Другие планеты и металлы – варианты прототипа, который полностью манифестирован только в солнце и золоте. В других планетах и металлах доминирует то солнечный принцип, то лунный, не достигающие окончательной победы, так как различные комбинации круга или полукруга с крестом указывают на отклонение от первичного эквилибра элементов. Только в одном знаке, меркурий–ртуть, скомбинированы три основные фигуры – круг, крест и полукруг. Здесь лунный принцип доминирует над солнечным, роль которого в данном случае – «фиксировать» крест оппозиционных пар элементов. Это ключевой знак в алхимическом действе: Меркурий-Гермес – отец алхимии. В известном плане этот знак, равно как и металл, ему соответствующий, выражает materia prima в качестве субстрата любой формы. Ртуть, меркурий, argentum vivum, «меркуриальность» – своего рода «matrice» – мать, матрица металлов, тогда как серебро (argentum) символизирует девственную чистоту materia prima. Поэтому алхимики часто двойственно представляют материально-женский принцип: луной (серебром) и меркурием (argentum vivum). Последний соответствует «производительной» потенции materia в ее динамическом аспекте: сульфур, «противоположность» меркурия, отражает активность солнечно-мужского принципа. Золото и серебро можно уподобить солнцу и луне китайской доктрины – «ян–инь». Золото понимается как фиксированностатичный сульфур, а серебро как фиксированный меркурий.

Все это не следует расценивать в смысле натурально физическом – речь идет о космогонии более высокой.

Серия семи знаков планет и металлов представляет организацию определенной космической сферы. Любая сфера обладает центром, или качественным средоточием, где наиболее четко раскрывается ее прототип, или принцип. Золото посреди металлов, алмаз посреди минералов; для цветов – роза или лотос, для четвероногих – лев, для птиц – орел, и человек для всех живущих на земле креатур. В каждом случае «центральная» манифестация «благородна», ибо максимально адекватна функциональности своего символа. Остальные периферийны, более или менее вульгарны, поскольку выражают акцидентальные аспекты прототипа.

Человек символически расположен в центре земного окружения – это, правда, совсем не касается той или иной личности. Дело вот в чем.

Зверь всегда верен специфике своего вида, луч божественного Интеллекта отражается в конкретизации зверя. То, что именуется «инстинктом», есть пассивная причастность к Интеллекту. Человек, напротив, сотворен ради активной причастности, ради идентификации с когнитивным полюсом. Только серьезные усилия дадут ему шанс приблизиться к центру манифестированного космоса. Подобная реализация – задача алхимии, глубокий смысл графического обозначения золота.

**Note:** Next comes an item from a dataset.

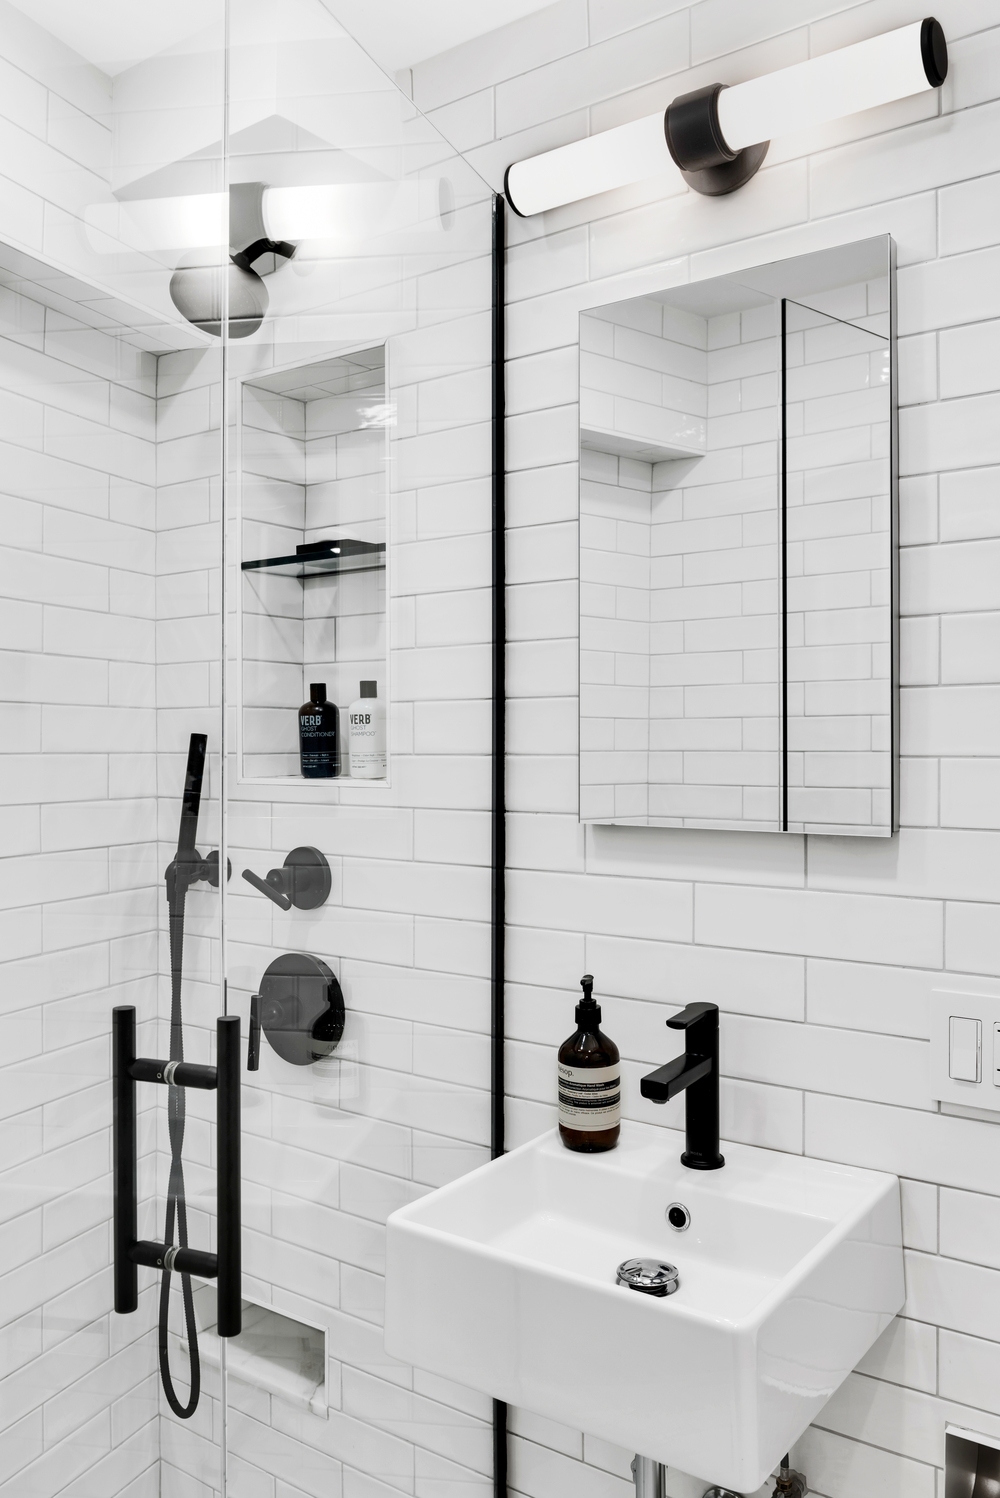 Bathroom remodel with glass shower doors, white subway tile, and matte black fixtures.

В золоте все – масса, плотность, делимость – блистает чистым качеством символа. Это воплощение света. Алхимики часто характеризуют процесс следующим образом: «спиритуализация тела и фиксация духа», или «сублимация тяжести и концентрация летучести». Это, собственно, и есть золото.

В золоте достигнуто единство эйдоса и его материи – отсюда проявленность центральной точки в окружности. Так же точно в «совершенном человеке» спиритуально-эффективно подобие твари Творцу.

* * *

Апофтегма «Изумрудной скрижали»: «то, что вверху, подобно тому, что внизу» – эвоцирует зеркальную инверсию образа. Градация металлов в приближении к золоту обратна градации планет. Вообще, значение планет повышается в зависимости от расширения орбиты касательно центра Земли. За одним-единственным исключением: сфера Солнца, соответствующего золоту, находится посредине планетных орбит. Над Солнцем – орбиты Марса, Юпитера, Сатурна, под Солнцем – Венеры, Меркурия и Луны. Если учесть фирмамент неподвижных звезд, общую композицию следует дополнить земной твердью. Солнце – источник света всех планет, кроме того, занимает центральную позицию и в геоцентрической панораме.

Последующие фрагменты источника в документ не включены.